**Action item**
The whole listing should be retyped word for word, apart from the pictures it holds.

**Given data**
------------

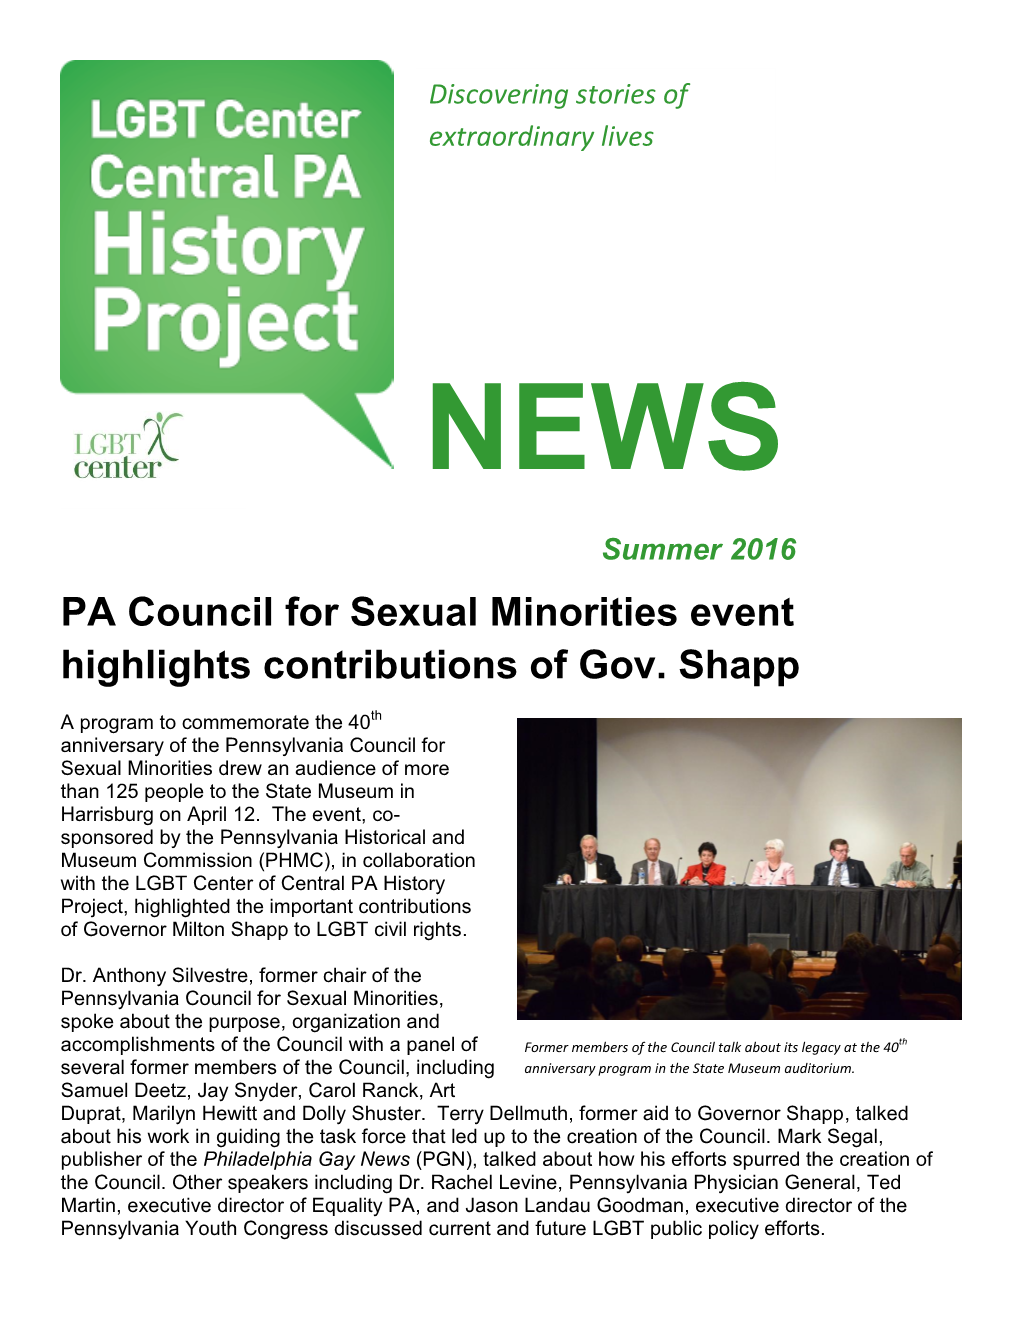 NEWS Summer 2016 PA Council for Sexual Minorities Event Highlights
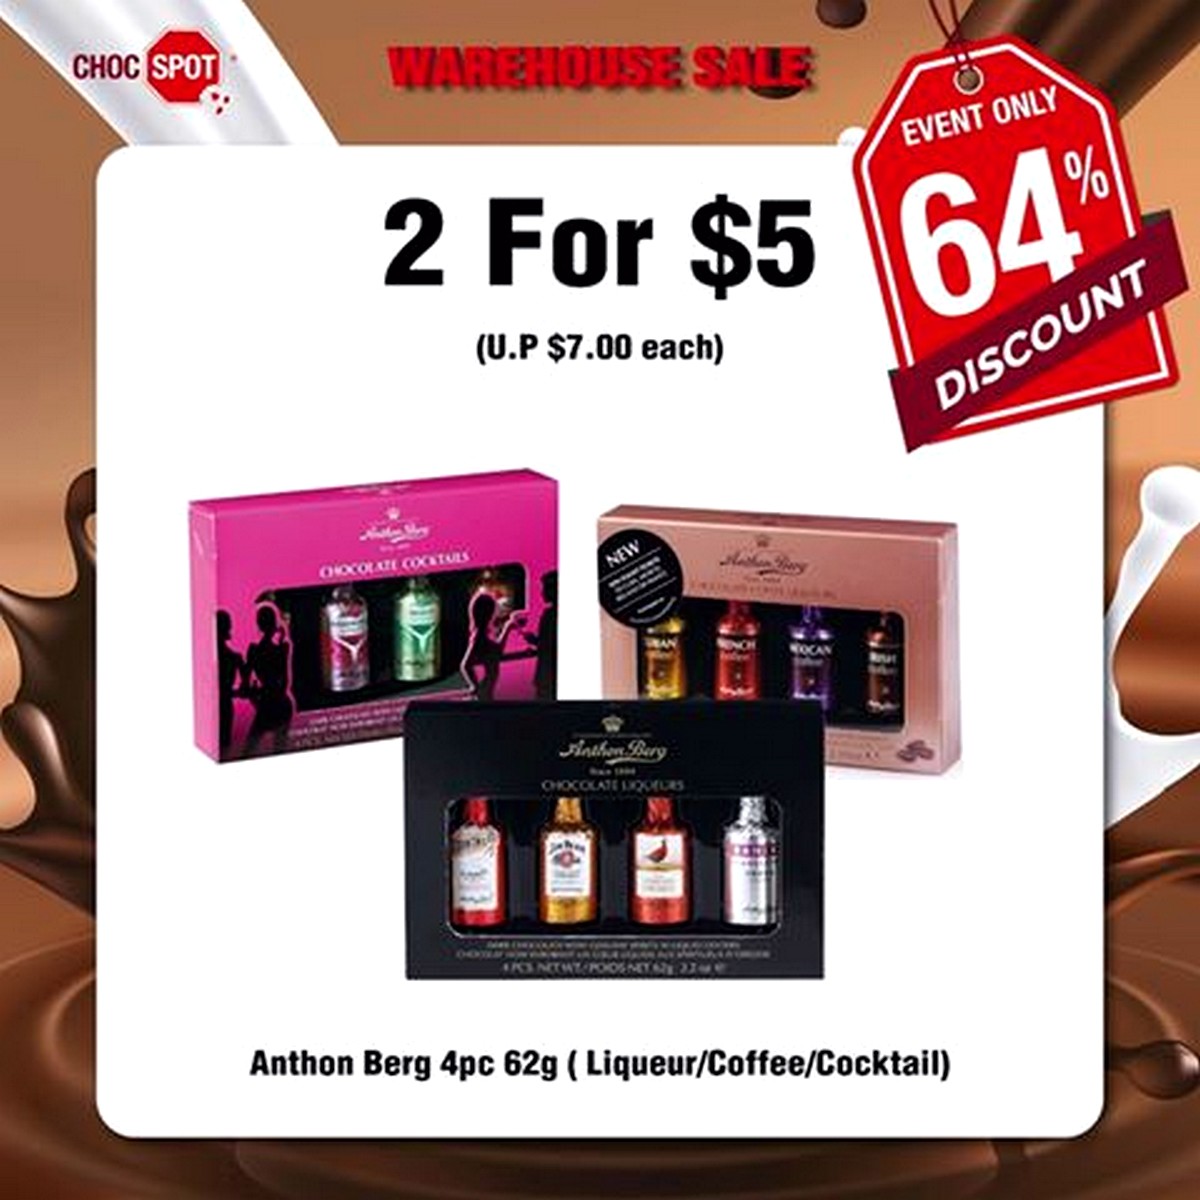 Choc-Spot-Warehouse-Sale-Highlights-002 24 Jul-2 Aug 2020: Choc Spot Warehouse Sale! Up to 80% off Chocolates, Sweets, Chips, Biscuits!
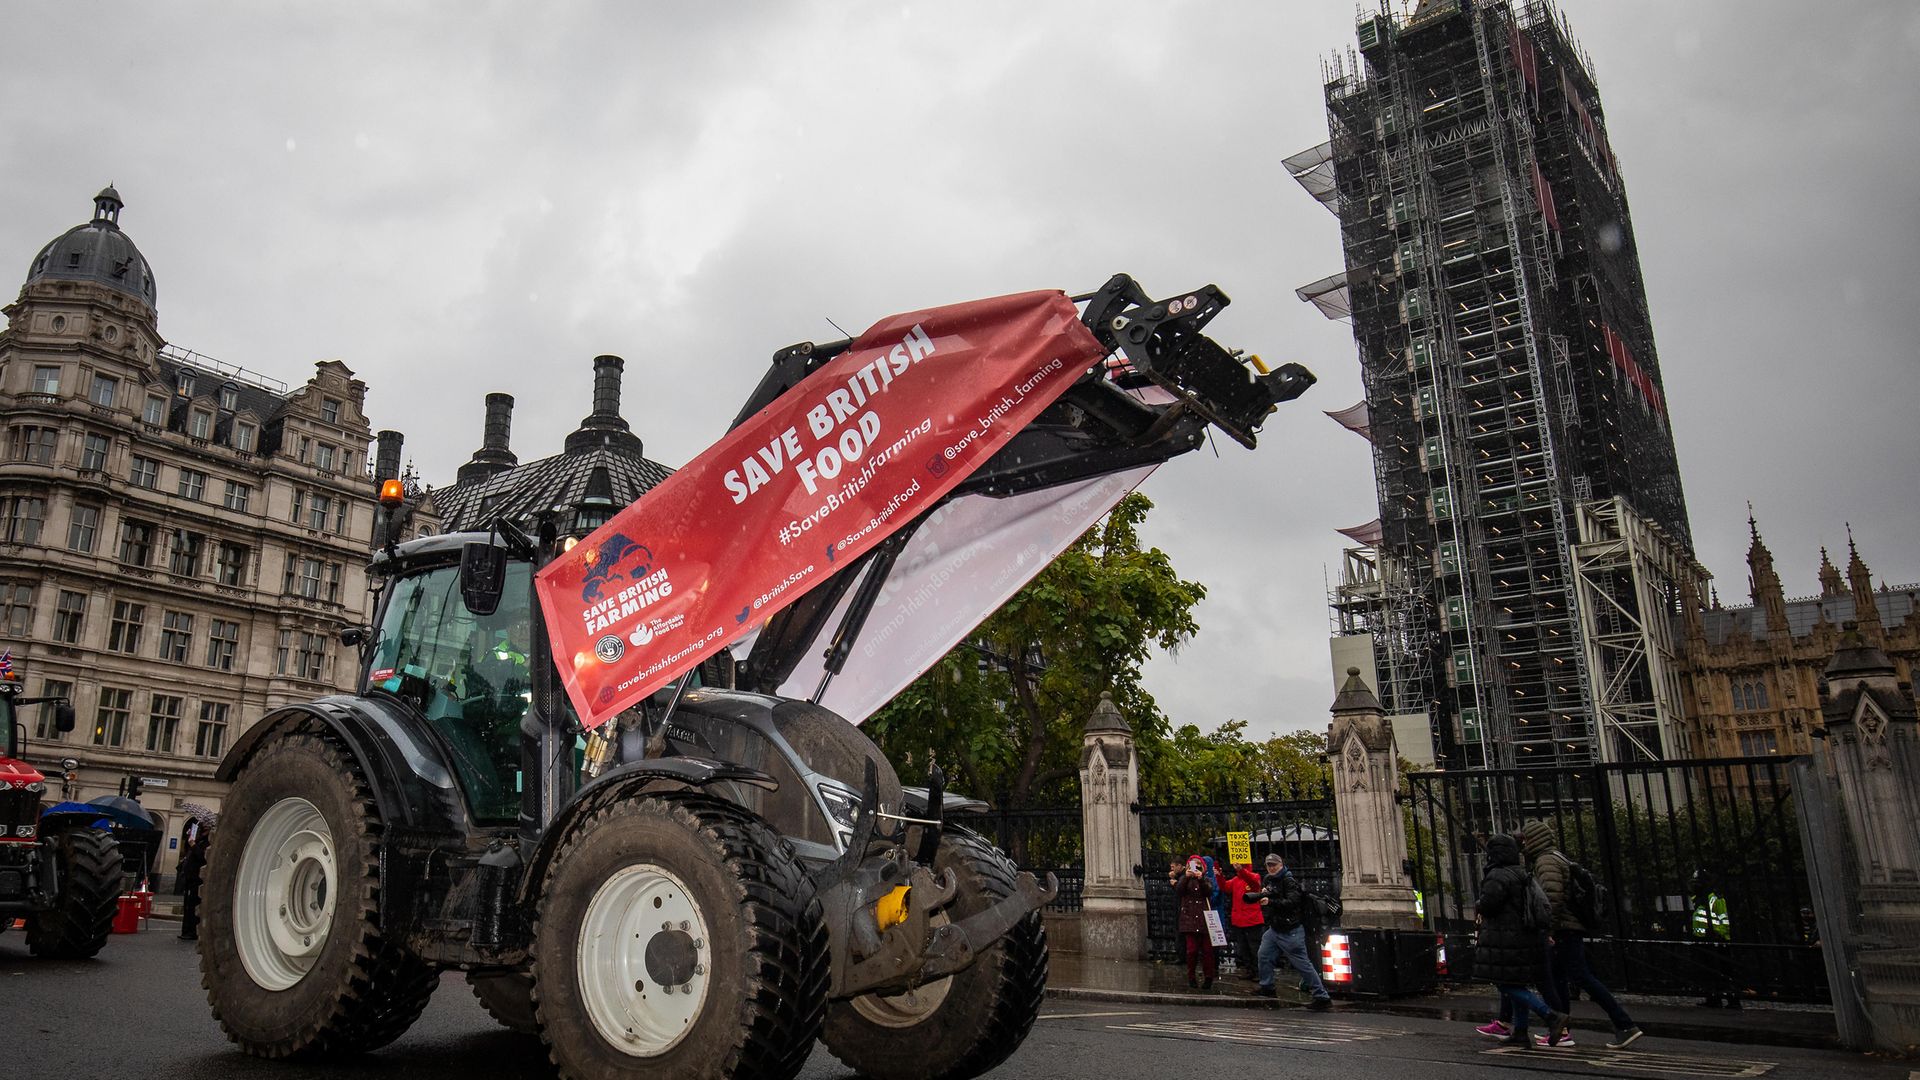 Farmers in tractors take part in a protest over food and farming standards, organised by Save British Farming (SBF), Westminster, London, on the day the amended Agricultural Bill returns to the House of Commons. - Credit: PA

------------

**Result**
 NEWS Summer 2016 PA Council for Sexual Minorities Event Highlights
 Choc-Spot-Warehouse-Sale-Highlights-002 24 Jul-2 Aug 2020: Choc Spot Warehouse Sale! Up to 80% off Chocolates, Sweets, Chips, Biscuits!
 Farmers in tractors take part in a protest over food and farming standards, organised by Save British Farming (SBF), Westminster, London, on the day the amended Agricultural Bill returns to the House of Commons. - Credit: PA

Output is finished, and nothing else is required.